Barakat Hashem M, Shahin Yousef, Barnes Rachel, Chetter Ian, McCollum Peter
Academic Vascular Surgical Unit, University of Hull and Hull York Medical School, Hull, UK.
Academic Vascular Surgical Unit, University of Hull and Hull York Medical School, Hull, UK.
Ann Vasc Surg. 2014 Jan;28(1):80-6. doi: 10.1016/j.avsg.2013.07.006. Epub 2013 Nov 5.
The purpose of this study was to evaluate morbidity, mortality, and survival in octogenarians undergoing open repair of ruptured abdominal aortic aneurysms (RAAAs) in comparison to younger patients.
This investigation was a retrospective analysis of a prospectively maintained database from a tertiary referral center. We included all consecutive RAAA patients who underwent open repair from 1990 to 2011. Univariate and multivariate analyses were used to identify predictors of inferior short- and long-term outcomes.
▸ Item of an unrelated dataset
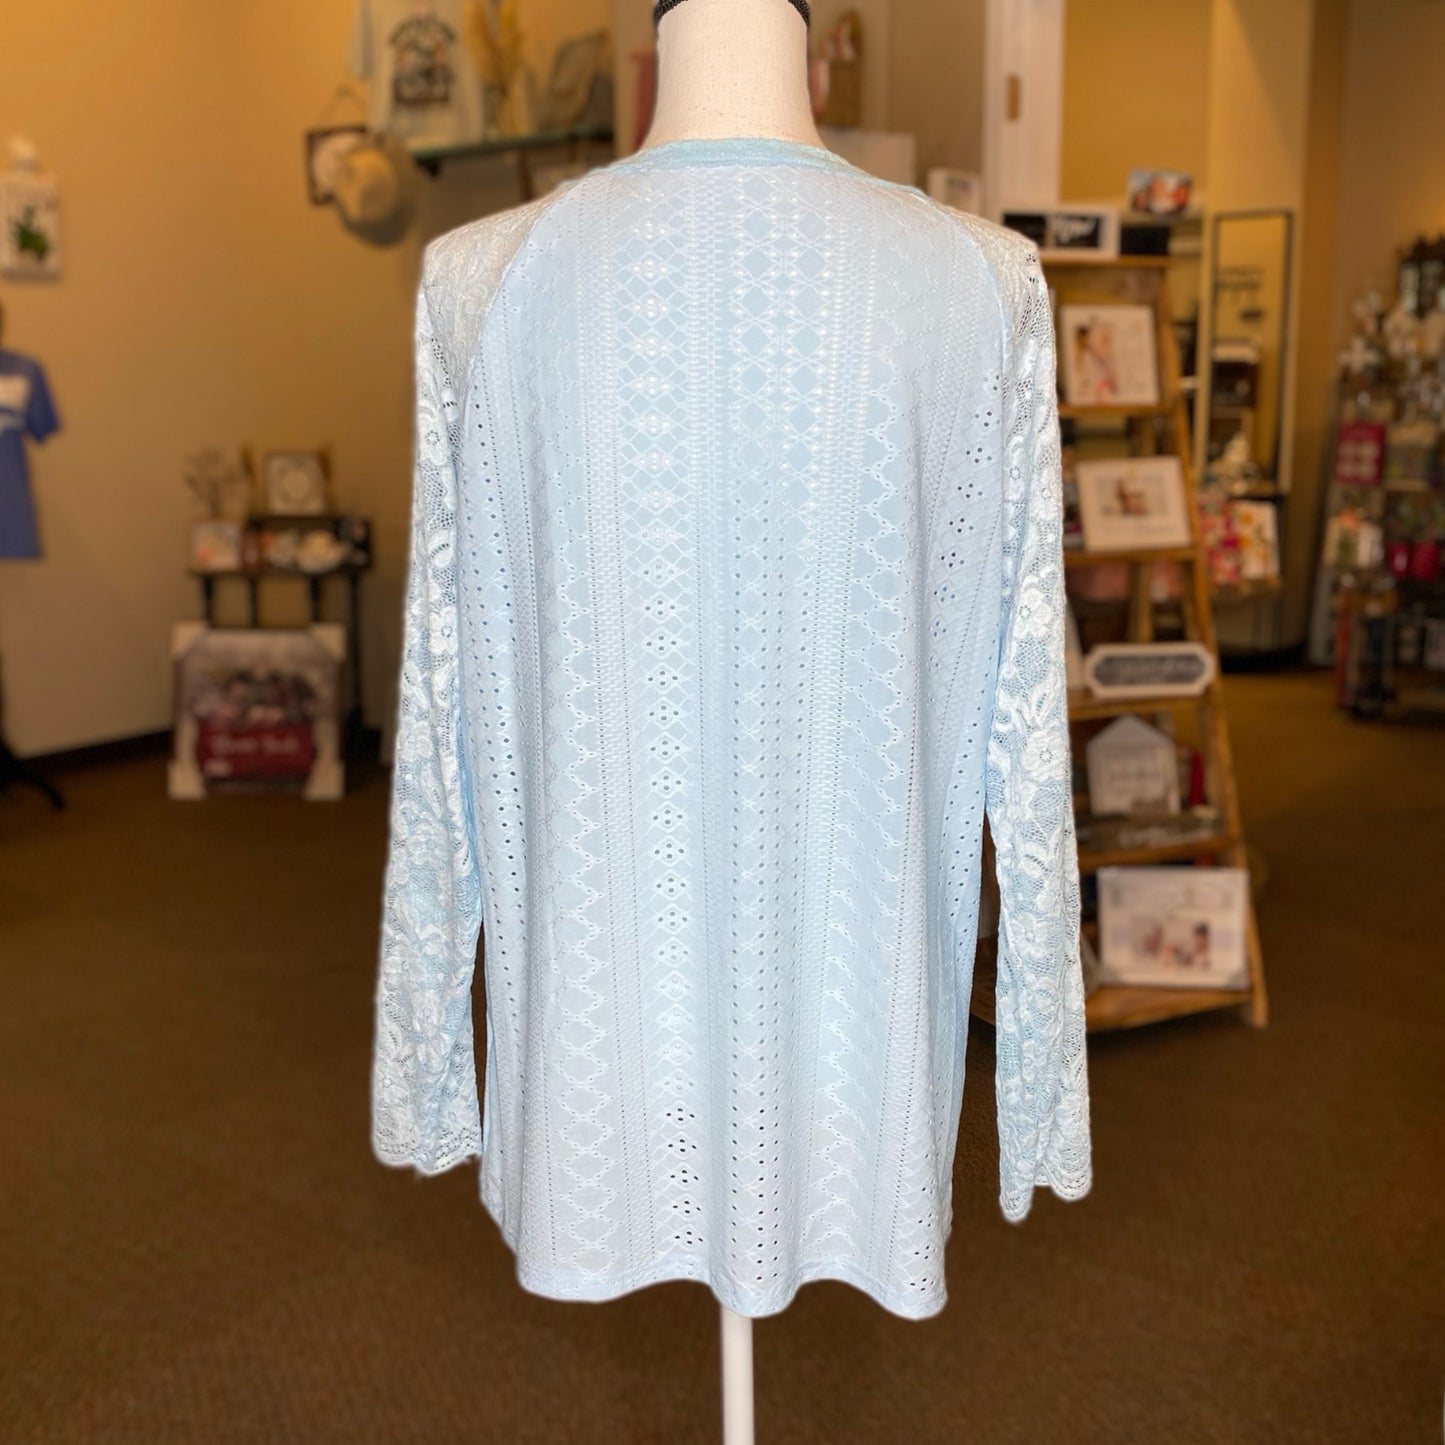 Baby Blue Eyelet & Lace Top - Size XXL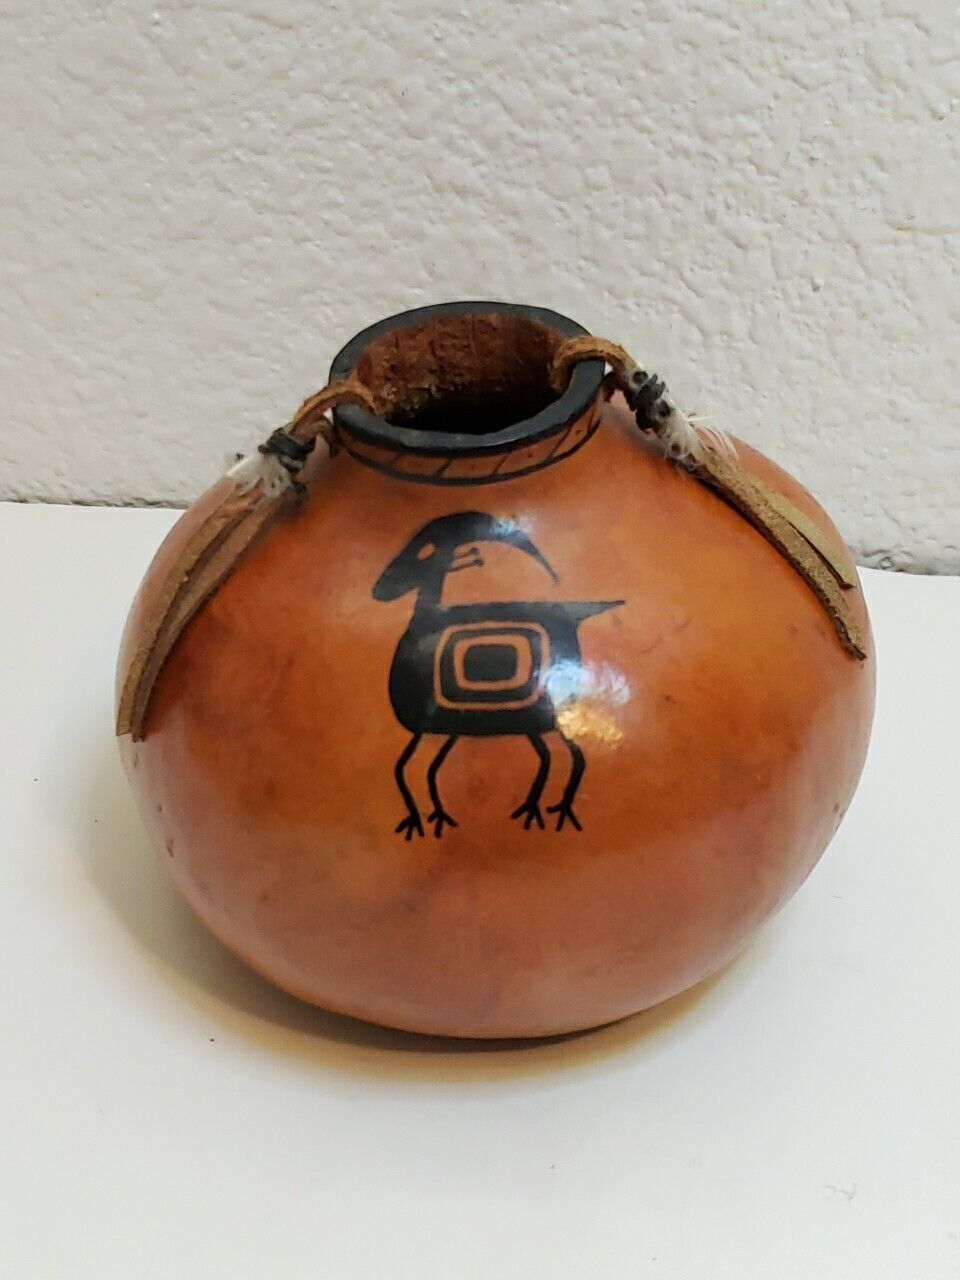 Hand-crafted Gourd Native American Folk Art Signed by  b. grant 5” X 4”

Overall, 463 patients were identified, of whom 138 (30%) were octogenarians (group 2), with a mean age of 84 ± 0.47 years. There were 96 (69%) men and 42 women (31%). There were more women in group 2 (31%) compared with the <80-year-old patients of group 1 (14%) (P < 0.001). The 30-day mortality for group 2 was 43.5% compared with 28.0% for group 1 (P < 0.001). Preoperatively, 63% of group 1 patients presented with shock compared with 65% of those in group 2 (P = 0.751). There was no difference between the two groups in terms of preoperative systolic blood pressure (SBP), duration of operation, and intraoperative blood loss (P > 0.05). Median preoperative hemoglobin (P < 0.001) and creatinine (P = 0.031) levels were significantly different between the groups. There was no significant difference between the two groups in terms of postoperative complications and length of hospital stay. Median long-term survival for octogenarians (group 2) was 5.4 years compared with 12.4 years for the younger patient group (group 1) (P < 0.001). Multivariate analysis identified age as an independent predictor of 30-day mortality (odds ratio [OR] = 1.154, 95% confidence interval [CI] 1.037-1.285) and inferior long-term survival (OR = 1.074, 95% CI 1.011-1.141). History of cigarette smoking also predicted worse long-term outcomes (OR = 3.044, 95% CI 1.318-7.032) as did multiorgan failure in the postoperative course (OR = 1.363, 95% CI 1.080-14.130).
Advanced age is associated with high surgical mortality; however, for octogenarians surviving surgical repair, long-term outcome is acceptable. Therefore, with responsible decision-making, surgical intervention is justifiable in the elderly. Smoking and multiorgan failure were both predictive of worse survival.
本研究的目的是评估与年轻患者相比,接受破裂腹主动脉瘤(RAAA)开放修复术的八旬老人的发病率、死亡率和生存率。
本研究是对一家三级转诊中心前瞻性维护数据库的回顾性分析。我们纳入了1990年至2011年期间所有接受开放修复术的连续性RAAA患者。采用单因素和多因素分析来确定短期和长期不良结局的预测因素。
总体而言,共确定了463例患者,其中138例(30%)为八旬老人(第2组),平均年龄为84±0.47岁。男性96例(69%),女性42例(31%)。第2组女性比例(31%)高于第1组<80岁患者(14%)(P<0.001)。第2组的30天死亡率为43.5%,而第1组为28.0%(P<0.001)。术前,第1组63%的患者出现休克,第2组为65%(P = 0.751)。两组在术前收缩压(SBP)、手术时间和术中失血量方面无差异(P>0.05)。两组术前血红蛋白中位数(P<0.001)和肌酐(P = 0.031)水平存在显著差异。两组在术后并发症和住院时间方面无显著差异。八旬老人(第2组)的长期生存中位数为5.4年,而年轻患者组(第1组)为12.4年(P<0.001)。多因素分析确定年龄是30天死亡率(优势比[OR]=1.154,95%置信区间[CI]1.037 - 1.285)和长期生存不良(OR = 1.074,95%CI 1.011 - 1.141)的独立预测因素。吸烟史也预示着更差的长期结局(OR = 3.044,95%CI 1.318 - 7.032),术后多器官功能衰竭同样如此(OR = 1.363,95%CI 1.080 - 14.130)。
高龄与高手术死亡率相关;然而,对于手术修复后存活的八旬老人,长期结局是可以接受的。因此,经过合理决策,手术干预对老年人是合理的。吸烟和多器官功能衰竭均预示着较差的生存率。